Which five words best describe you? Mischievous, curious, intuitive, Virgo, observational.

How did you get your career start and what path have you taken since? I left school in year 11 “to go work in the movies”. I’m not sure what I thought would happen. I ended up as the office junior at Liz Mullinar Casting; it was the end of the eighties and they were casting so many Aussie films, TV dramas and commercials. I loved being around all the producers and directors and watching how they worked, it was a very exciting place for a 16-year-old boy to be at that time and I was right in on the action. I ended up doing Standby Props on Home and Away for a while, and continued to work in film/TV for the next few years after that. Gradually the jobs I got were becoming less interesting to me because I really wanted to start being a bigger part of the creative decisions. Photography was like being a whole film crew in one person, and that really appealed to me because I had gained insight into how all the different departments did their jobs. I put more and more energy into photography and was accepted into Sydney College of the Arts. After four years of wonderfully indulgent conceptual time at art school I decided I wanted to experience the more commercial aspects of photography. I started assisting some well-respected fashion photographers that really knew how to work with light. I had a great time assisting, moving to Canada to work over there for a while and gradually easing into shooting my own work and moving back to Sydney. I did some big portrait project collaborations with Fashion Week and Future Classic Music to get myself back on the map here and I was lucky enough to pick up some regular commercial clients shooting objects and interiors in the meantime. Having loyal clients allowed me the space to take a small studio and work on my own projects. This is where I think I began to hit my stride because I could apply all of my technical experience to more conceptual ideas and come up with work like Botanical Inquiry.

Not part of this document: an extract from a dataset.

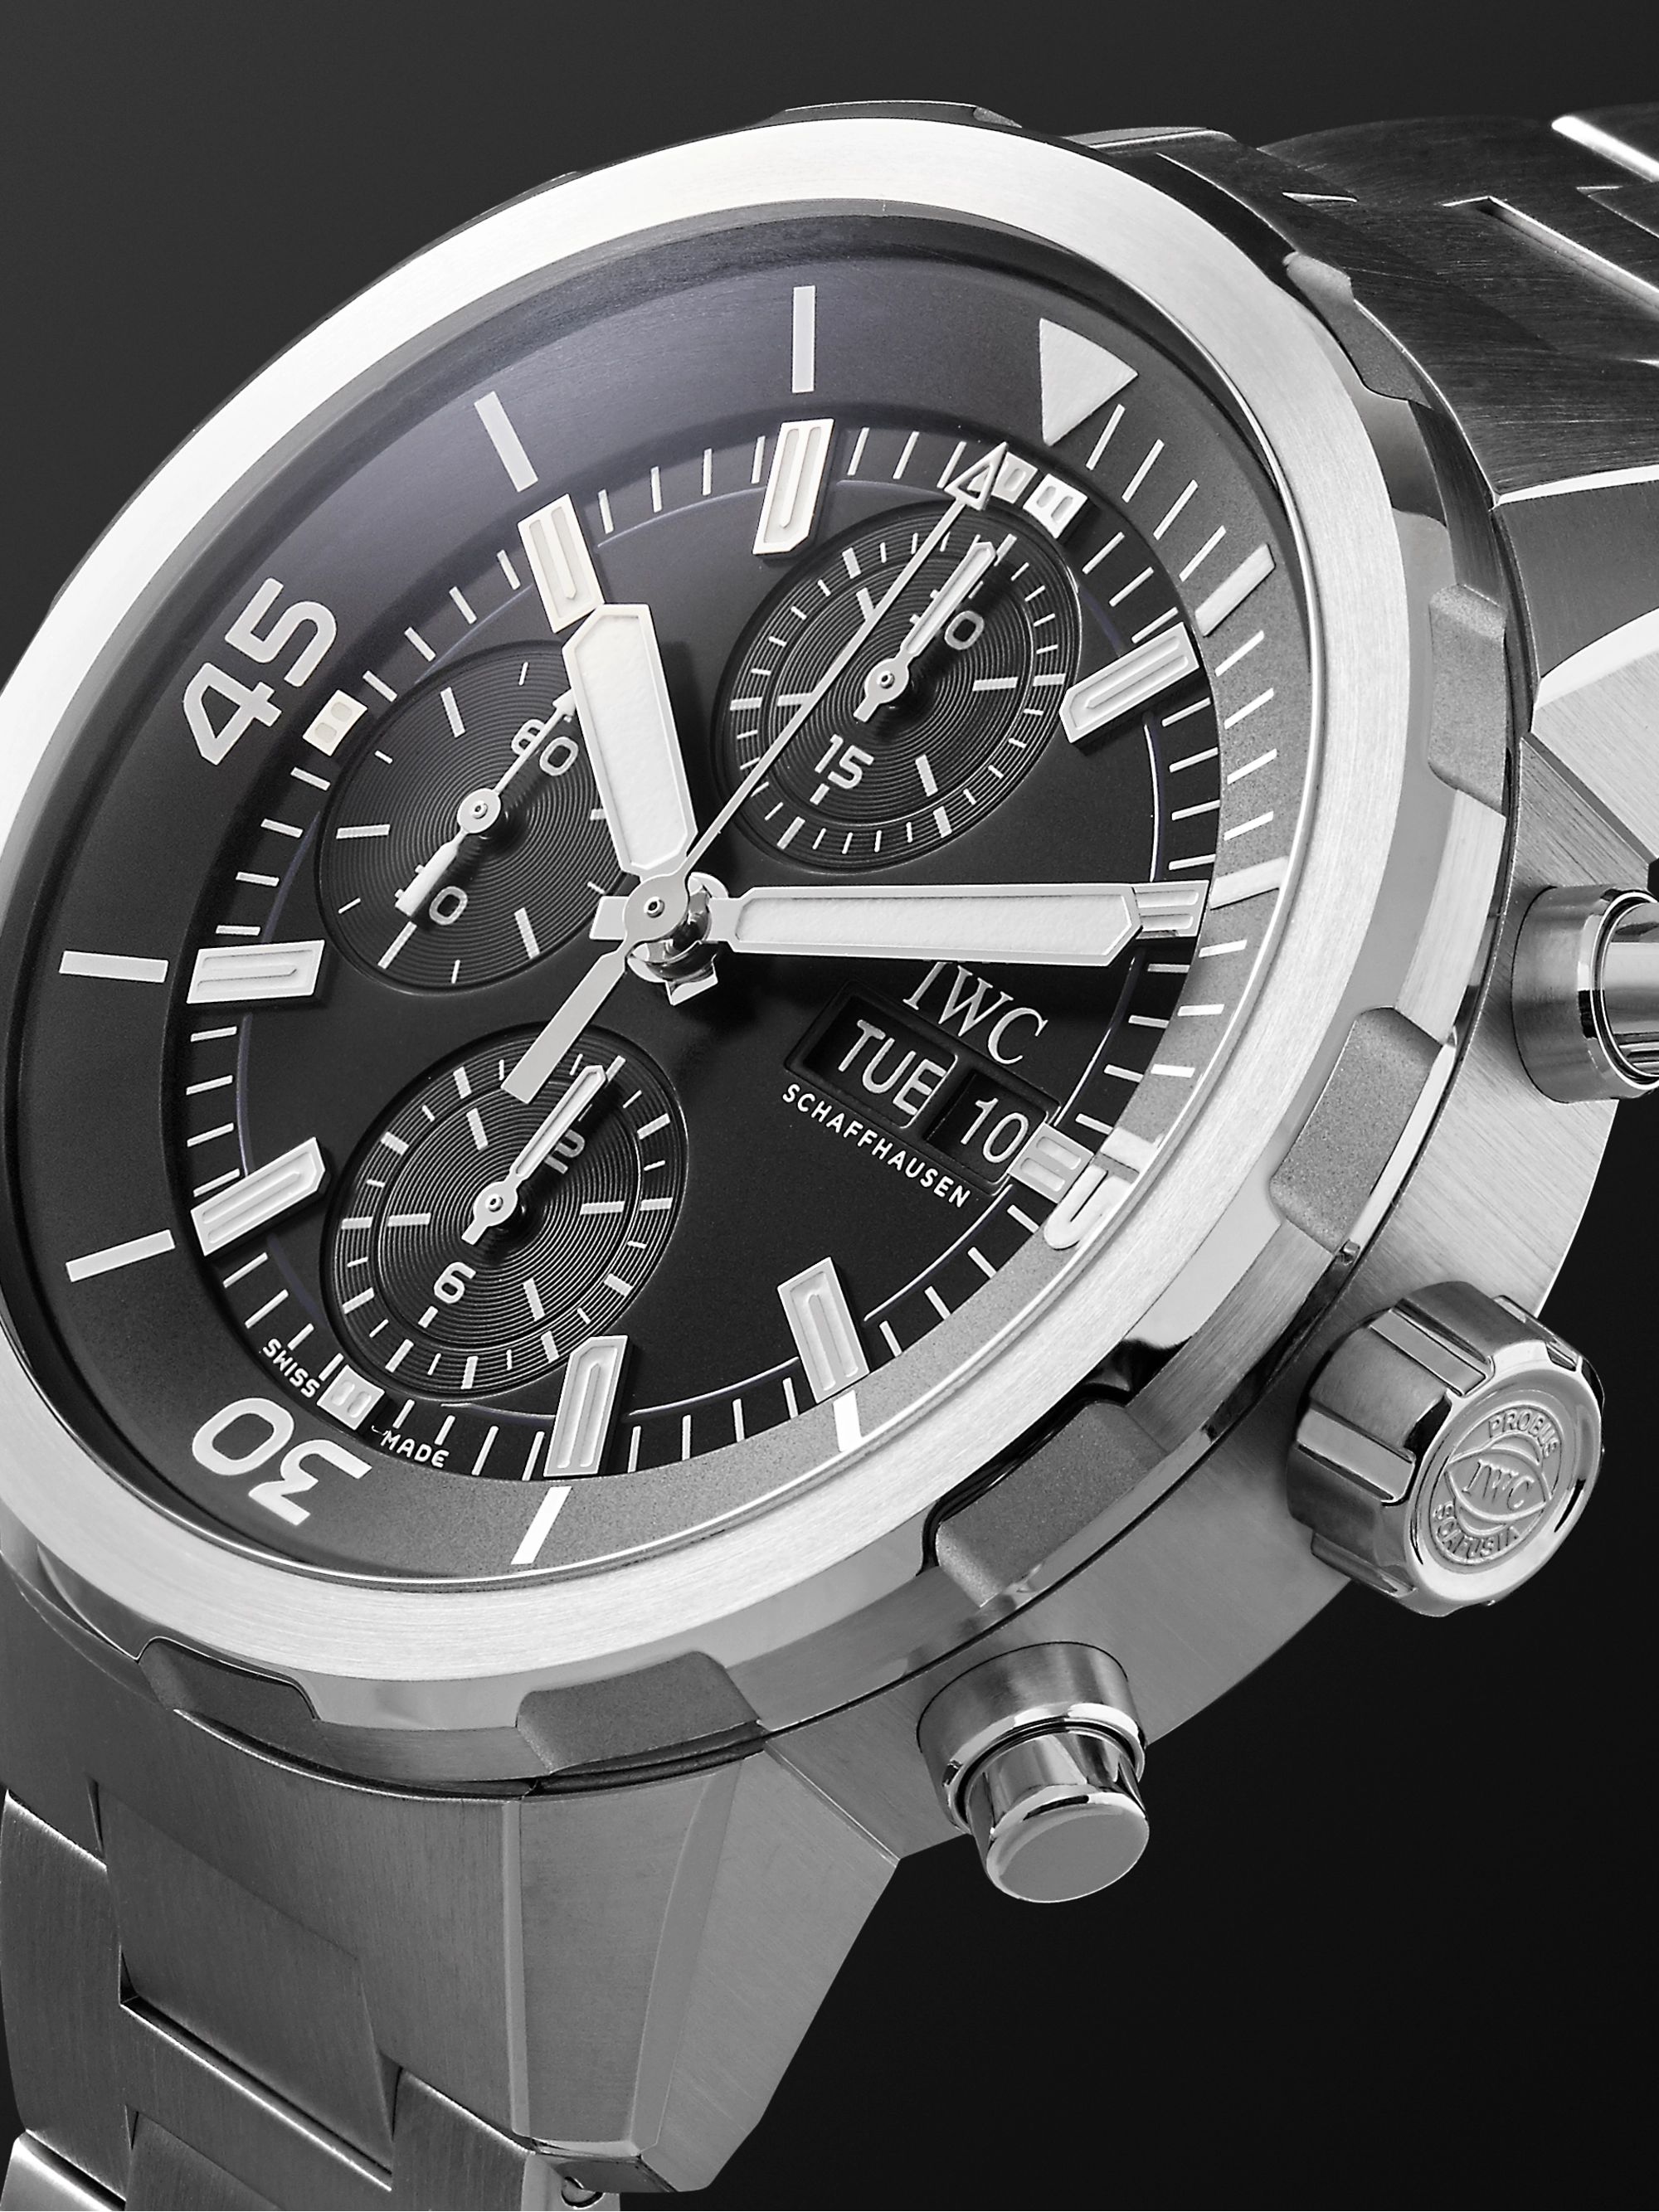 IWC SCHAFFHAUSEN Aquatimer Automatic Chronograph 44mm Stainless Steel Watch, Ref. No. IW376804
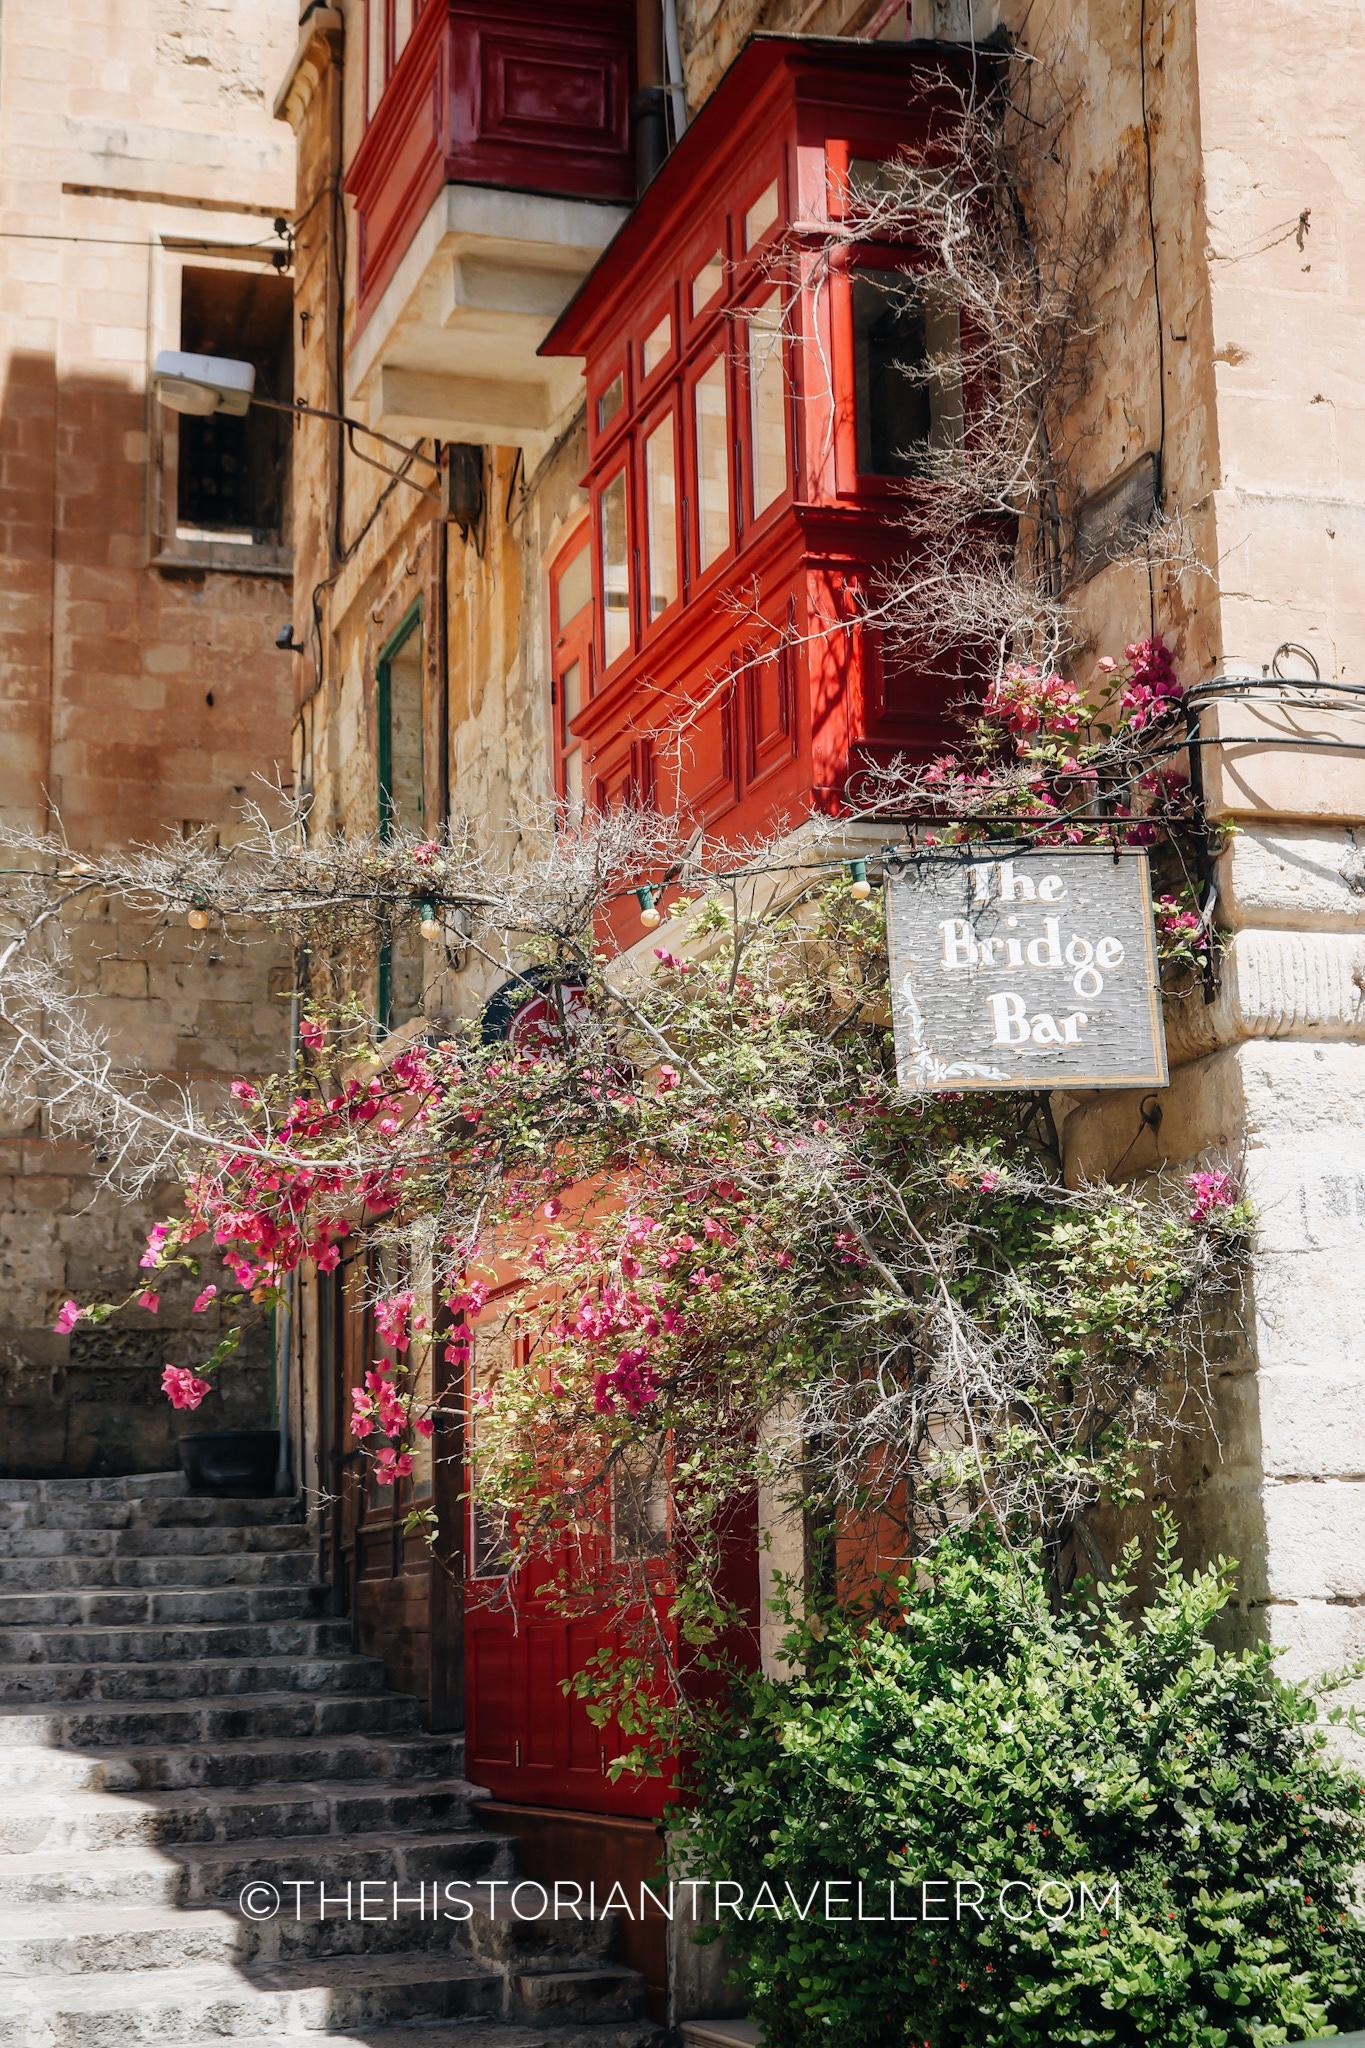 Most photogenic spots in Valletta

What’s the best lesson you’ve learnt along the way? Be as authentic as you can be, even if that means feeling like a weirdo. Embrace it, that’s where your point of difference is.

What’s your proudest career achievement? Botanical Inquiry is easily the highlight of my career to date. 

What’s been your best decision? Going to art school and developing a critical eye.

Who inspires you? Cinematographers like Roger Deakins (No Country for Old Men) and Hoyte Van Hoytema (Let the Right One In).

What are you passionate about? Light and storytelling working together.

Which person, living or dead, would you most like to meet? My grandmother, who passed away before I was born. She would have been a fine woman.

What dream do you still want to fulfil? I’ve love to photograph a feature film. Not sure if it will ever happen but the thought of it keeps me hungry.

What are you reading? American Cinematographer Magazine is always on the bedside table. Sexy, right?